6.5. Human Evaluation
To further evaluate FactMS’s performance, we randomly select 100 multimodal articles from our test dataset for human evaluation. Three volunteers manually evaluate the summaries generated by FactMS, MSMO, MSE, MAtt, and human-written summaries (Target). To evaluate word overlap, volunteers score between 1 (worst) and 5 (best) on informativeness (Inf) and fluency (Flu). Inf means whether the summary represents the crucial information from the source article, and Flu means whether the summary is grammatically correct. As shown in
Table 6, the Inf and Flu scores of FactMS outperform all baselines and are close to the target. The Vision
p of FactMS is better than other baselines and closest to the target. This improvement benefits from the vision-based text content filter and the fusion of textual and visual knowledge information by FactMS.
6.6. Case Study
Figure 4 shows examples of the output summaries of FactMS and several baseline MS models. The green symbol indicates that the summary is consistent with the image or text, while the red indicates inconsistency. Compared with existing MS studies, FactMS generates summaries with better multimodal factual consistency due to the integration of textual and visual multimodal factual knowledge.
6.7. Discussion
If the image is completely unrelated to the textual content, our vision-based text content filter would not find matching objects or scenes. Consequently, the model’s cross-modality fusion would de-emphasize visual features, effectively defaulting to a text-focused summary. In such cases, the generated summary would rely more heavily on textual facts while assigning minimal weight to the irrelevant image data.
6.8. Limitations
Although the FactMS model has achieved good results on the three multimodal datasets, its performance may be data-dependent.

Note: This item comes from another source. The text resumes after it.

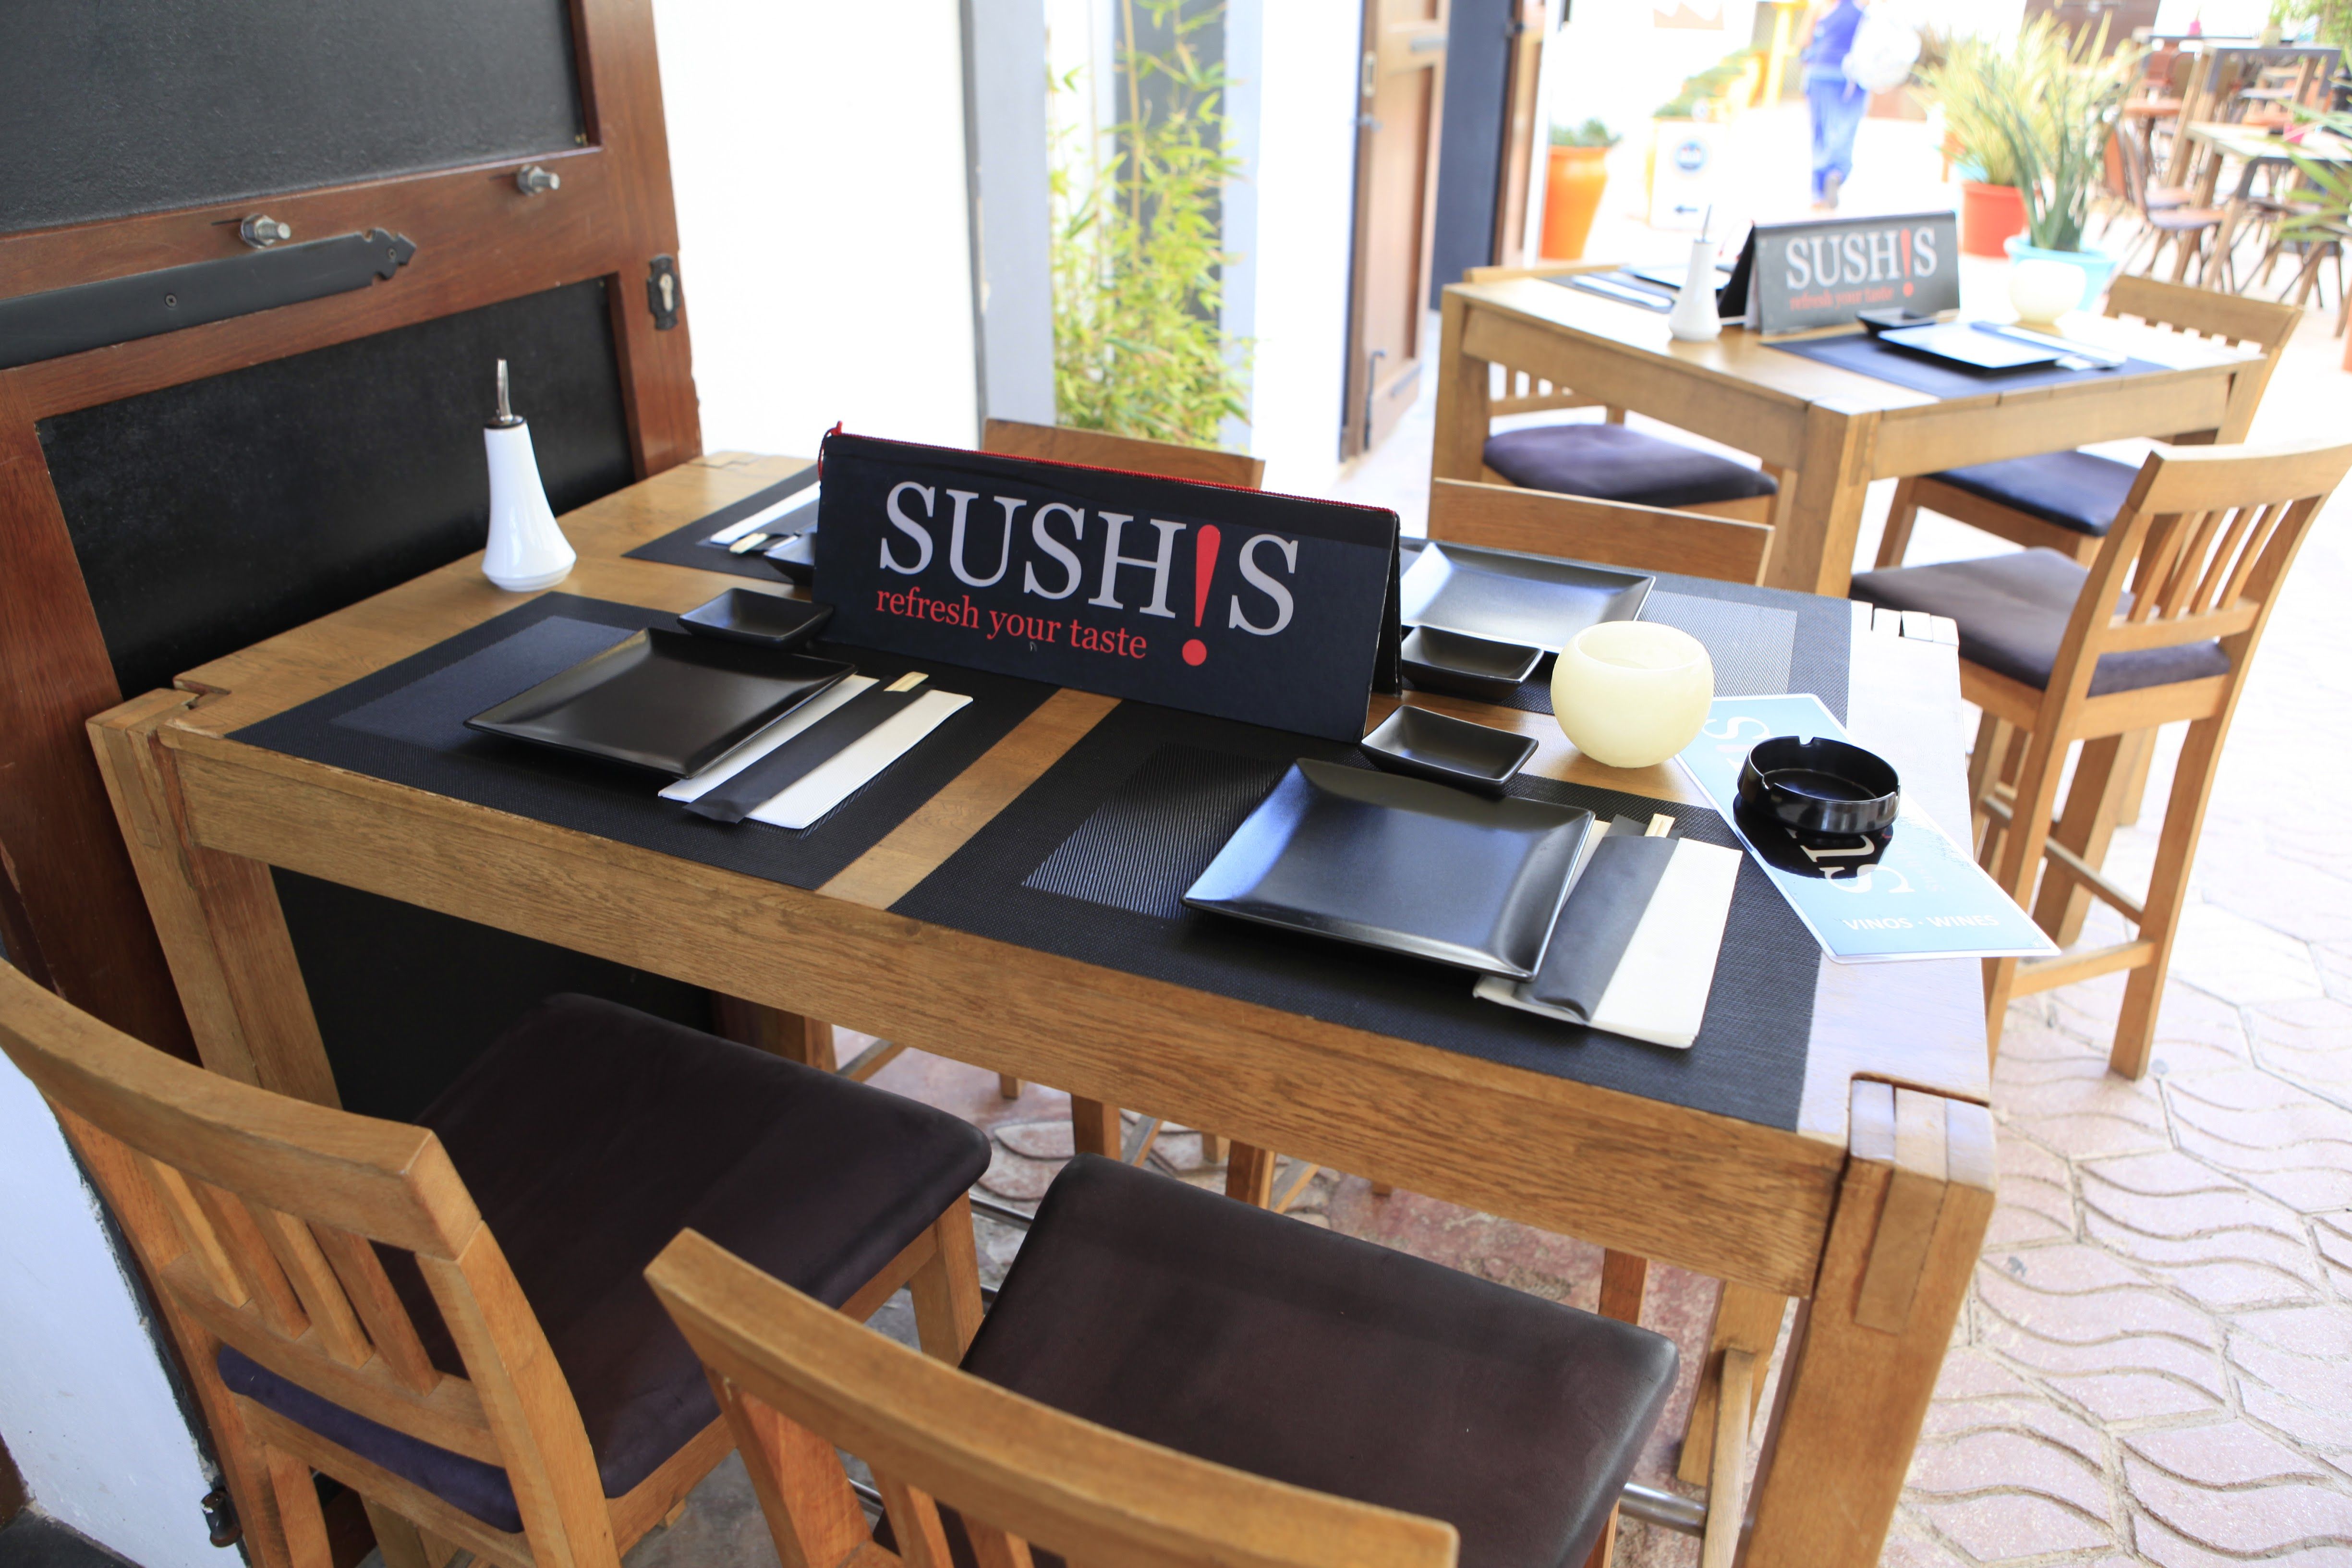 Foto 11 de Cocina japonesa en Ibiza | Sushis Ibiza

Specifically, most of these datasets come from news media, and inevitably have a bias towards the angle or subject of media coverage; in scenarios dominated by sports news, the model is better at identifying sports-related entities and actions, but may require further fine-tuning and adaptation in other fields (such as medical and government affairs). In addition, since media data often has tendencies, if the image content is inconsistent with the actual news topic, it may bring noise and bias to the model. Therefore, future work will consider a wider and more diverse range of multimodal data sources, and introduce external knowledge bases and more rigorous fact verification modules during the training phase to reduce bias propagation and improve the robustness of the system.
7. Conclusions
In this paper, we define and analyze the multimodal factual inconsistency problem in the multimodal summarization task. To address this problem, we propose a fact-aware multimodal summarization model via a vision-based text content filter and a dual heterogeneous knowledge graph, which fuses factual knowledge in both textual and visual modalities to generate summaries. Experiment results show that our model is effective in producing summaries that are consistent with the multimodal content. Our model differs from the text-only summarization models, which aim to make summaries consistent with the text content only. It is also different from the existing MS works, which only focus on the informativeness and fluency of summaries. By extracting textual and visual knowledge and exploiting the correlation between multimodal content, we can enhance multimodal factual consistency in multimodal summarization.
Author Contributions
Conceptualization, C.L. and M.Z.; methodology, C.L. and M.Z.; software, H.Y. and M.Z.; validation, C.L., H.Y. and M.Z.; formal analysis, M.Z.; investigation, M.Z.; resources, C.L.; data curation, C.L.; writing—original draft preparation, M.Z.; writing—review and editing, C.L. and M.Z.; visualization, H.Y. and M.Z.; supervision, C.L.; project administration, C.L.; funding acquisition, C.L. All authors have read and agreed to the published version of the manuscript.
Funding
This research received no external funding.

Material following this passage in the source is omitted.